# Made a VICE check it out, may need some tips



## Drenalin70 (Apr 17, 2008)

Very nice


----------



## Deer Eliminator (Jan 21, 2010)

Nice job!

Hutch


----------



## BUSHfire (Jan 6, 2010)

the worst part of the whole deal was all the grinding WITH A BENCH GRINDER.. i am not a machinist or a welder, so its far from perfect or withing spec:wink: but it will serve my purpose and then some.. i was unsure of other vices that i have seen using the stabilizer hole/threads for the mount but after doing it, i like it better than my dads apple limb pincher vice....ha
now if i can get it to be as solid as a rock i will be happy.. :teeth:


----------



## XHOGGER1 (Mar 30, 2004)

I would try beveled washers. They are wavy so they would add spring pressure while clamping down.


----------



## BUSHfire (Jan 6, 2010)

this is what i was thinking 
never used one any thoughts?


----------



## BUSHfire (Jan 6, 2010)

ill try again


----------



## nuts&bolts (Mar 25, 2005)

BUSHfire said:


> ill try again


PERFECT.

external lock washer.


----------



## mplane72 (Apr 18, 2010)

Looks good. I will offer one piece of advice. Be careful that you do not damage or loosen the insert in the riser. Been there done that. Always hold the bow while you loosen the knob. I'd try that lock washer behind the knob. Not next to the stab. insert.


----------



## Struttinhoyt88 (Jul 3, 2008)

Looks good, you should go ahead and screw it down to the coffee table.... If that won't put you in the dog house I don't know what will.... lol


----------



## BUSHfire (Jan 6, 2010)

mplane72 said:


> Looks good. I will offer one piece of advice. Be careful that you do not damage or loosen the insert in the riser. Been there done that. Always hold the bow while you loosen the knob. I'd try that lock washer behind the knob.
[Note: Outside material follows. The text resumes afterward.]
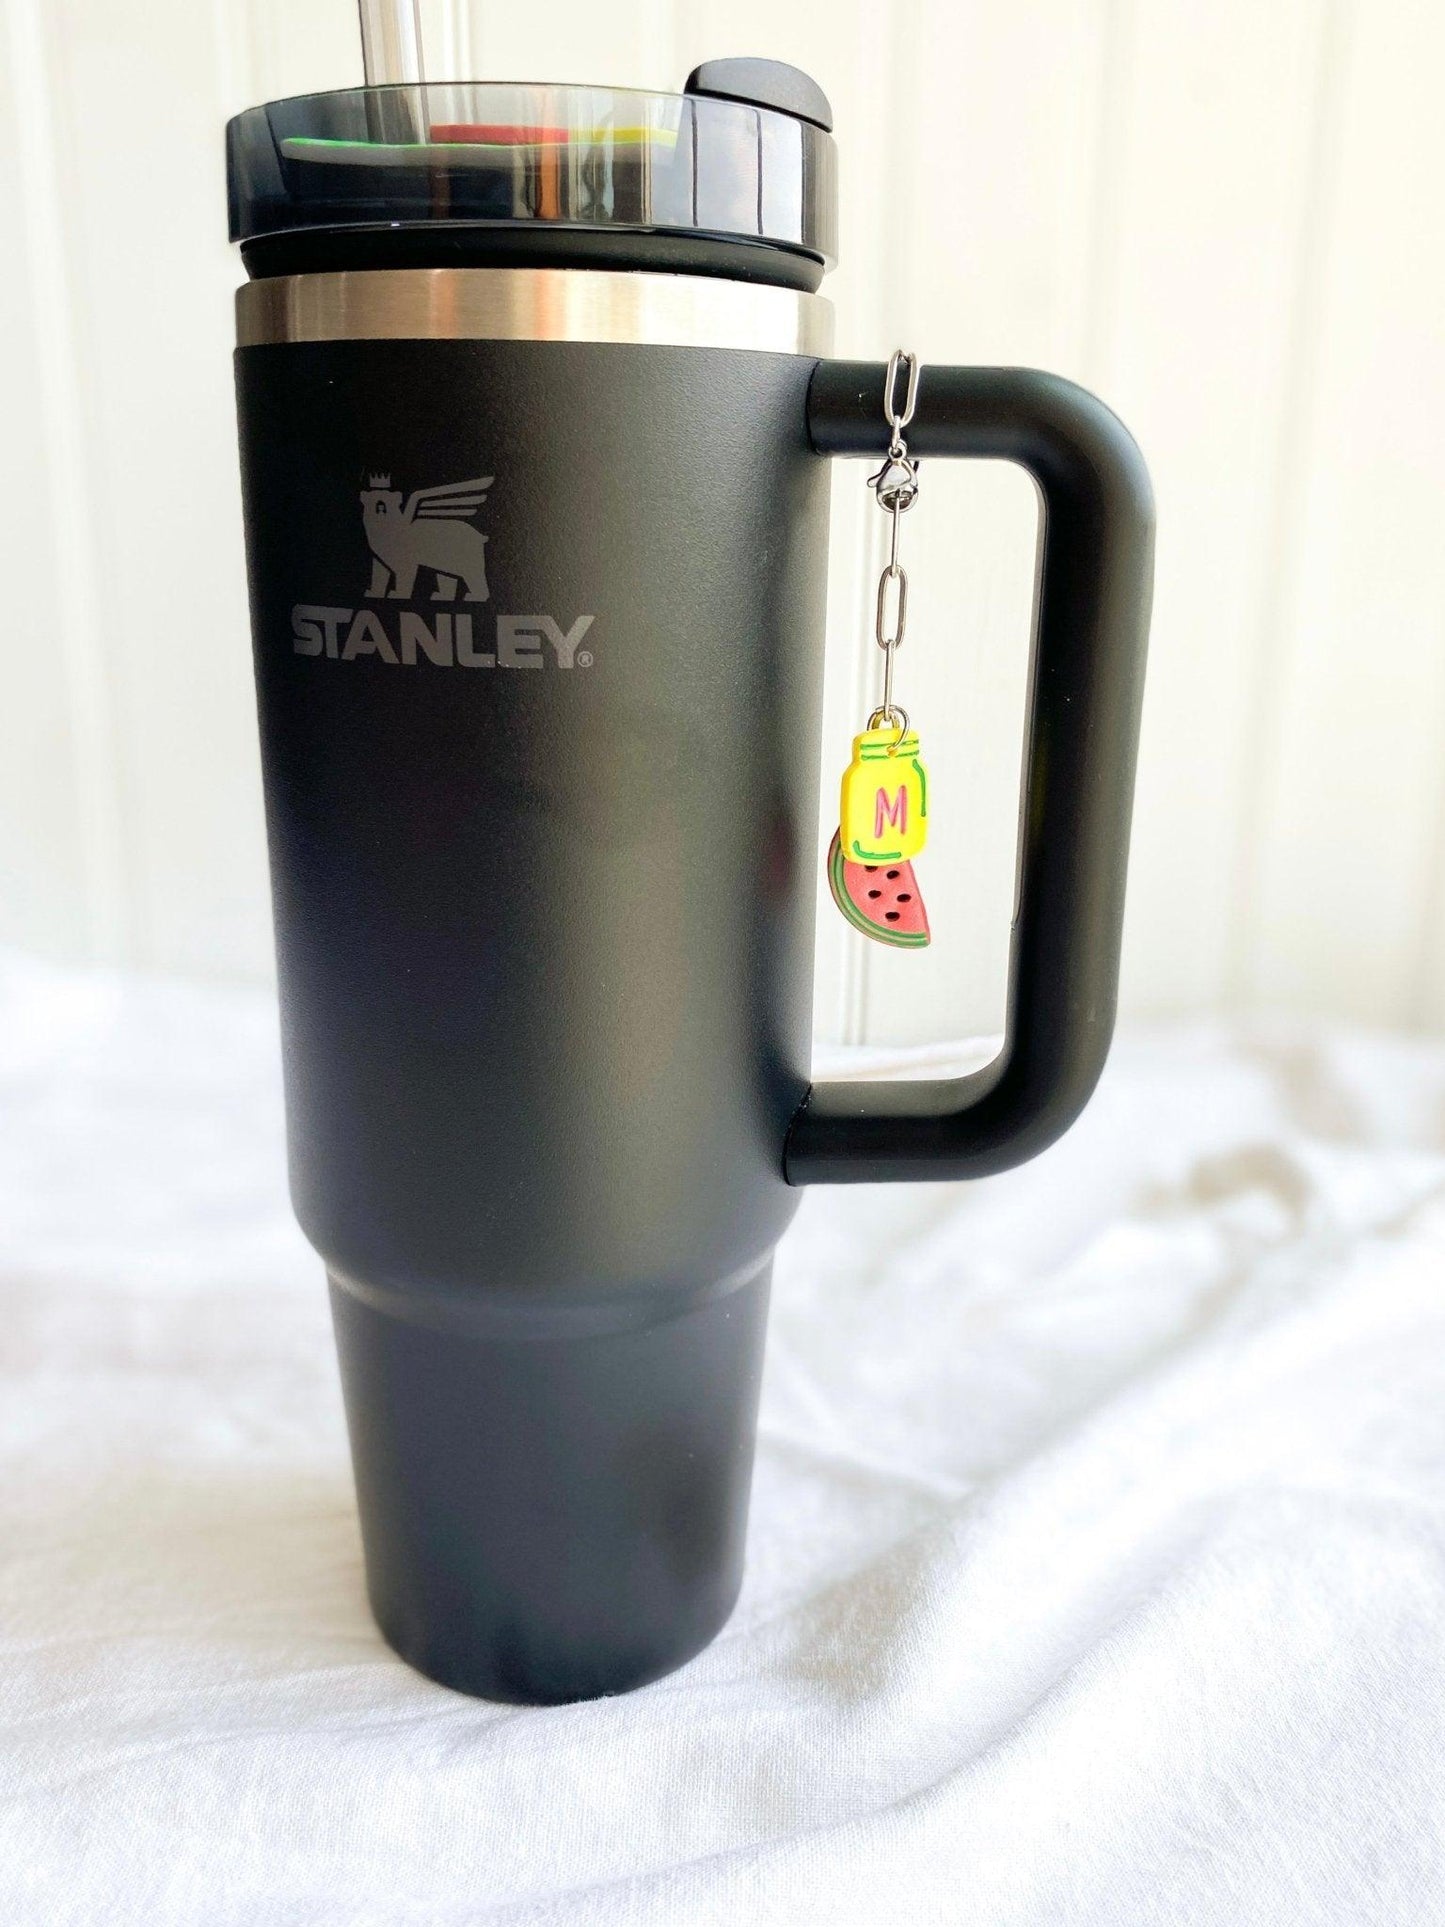 Drinkin' watermelon moonshine 🍉🫙✨ it's the Stanley + charm combo for

Not next to the stab. insert.


yeah i put a lock nut next to the insert on the riser and all you have to do it tap it with some pliers and its solid, i need to keep the 2 links on the vise more solid..
thanks a lot for this tip though, its not something i will be using real offer just when i need it in a pinch, i will be careful when i mount any bow in it.


----------



## BUSHfire (Jan 6, 2010)

Struttinhoyt88 said:


> Looks good, you should go ahead and screw it down to the coffee table.... If that won't put you in the dog house I don't know what will.... lol


haa i would love to mount it there and then bolt down a homemade press,and fletching jig behind it, with a drawboard on the back side with some draws for storage underneath, haaaa i would never leave my livingroom...literally because i would also have to sleep on the couch ukey:
thanks


----------



## Struttinhoyt88 (Jul 3, 2008)

Lol, I hear ya on that....


----------



## BUSHfire (Jan 6, 2010)

when i get some of the toothed lock washers i will let you know how it work....


----------



## Don Schultz (Jul 5, 2002)

Vise

Otherwise looks good.


----------



## Iron Mike (Oct 15, 2007)

A lock washer might work *or* drill a hole through the stab and anchor a pivot arm that can swing from the center upright. Once the stab is inserted you can swing the arm up under or beside the stab and slide through a cotter pin of sorts and she'd be solid.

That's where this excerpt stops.